O site o Antagonista, na semana passada, criticou a soltura de Rocha Loures pelo min. Fachin e fez uma comparação com a negativa dele de conceder HC para soltar uma mulher que havia sido presa furtando dois tubos de desodorante e chicletes em um supermercado, no valor de R$ 42,00. Daí, concluíram que o negócio é roubar bastante. Péssimo jornalismo. Ontem voltaram ao assunto, referindo um artigo do blog de Fernando Gabeira, no “O Globo” também de ontem, no qual ele também ironizou a mesma situação. Possivelmente, sua fonte foi o próprio O Antagonista.
Os comentários dos leitores – que tive a curiosidade de ler – eram de matar e todos eles fizeram um auto de fé do Supremo, manifestando toda a frustração com o nosso sistema de justiça.

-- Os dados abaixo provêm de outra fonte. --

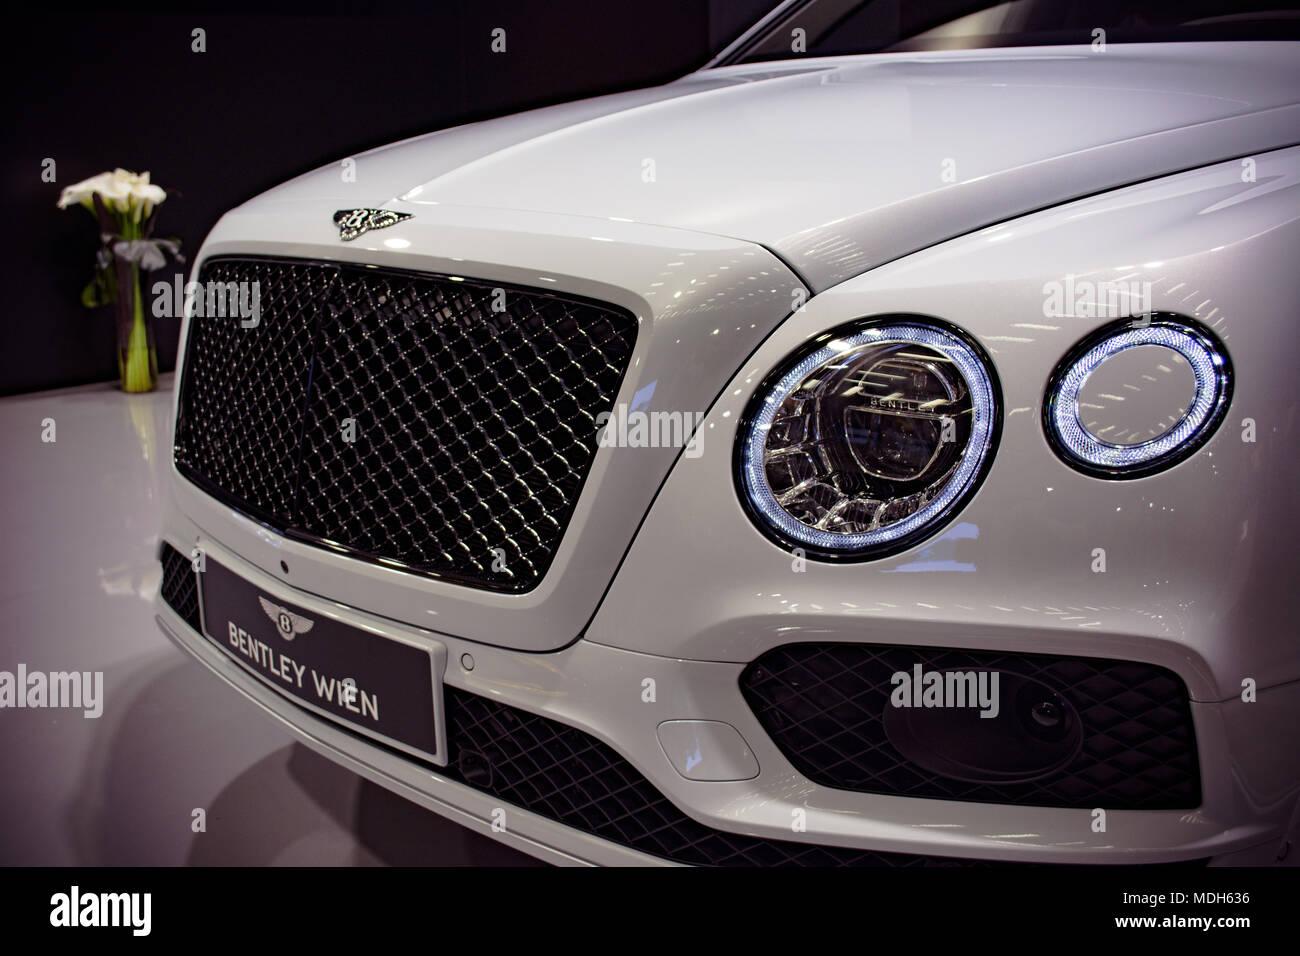 Bentley in Zagreb Auto Show, April 2018 - Stock Image

Ocorre que toda a história está mal contada e tanto o Antagonista quanto Fernando Gabeira deram um exemplo do que é praticar mau jornalismo, com matéria bem ao gosto do público, que só se presta, entretanto, à confusão e à desorientação.
O caso Rocha Loures nada tem em comum com o caso da mulher dos tubos de desodorante: o fato ocorreu em 2011 e o HC foi julgado em 2017. Essa simples informação já era suficiente para demonstrar que a acusada não estava presa, como era evidente. Bastava ter consultado uma fonte fidedigna. O Habeas Corpus não buscava a sua soltura, mas o arquivamento da ação penal sob o argumento de que houve crime de bagatela e se pretendia aplicar o princípio da insignificância, tão debatido em direito Penal. O min. Fachin, no que foi acompanhado pela maioria, entendeu que o princípio não se aplicava ao caso porque a mulher era reincidente. (http://veja.abril.com.br/brasil/fachin-nega-recurso-a-mulher-que-furtou-desodorante-e-chiclete/). Na verdade, a mulher devolveu os produtos à prateleira, foi presa e colocada em liberdade em seguida. (http://br.blastingnews.com/politica/2017/02/edson-fachin-nega-habeas-corpus-para-mulher-que-furtou-chicletes-e-desodorantes-001456579.html )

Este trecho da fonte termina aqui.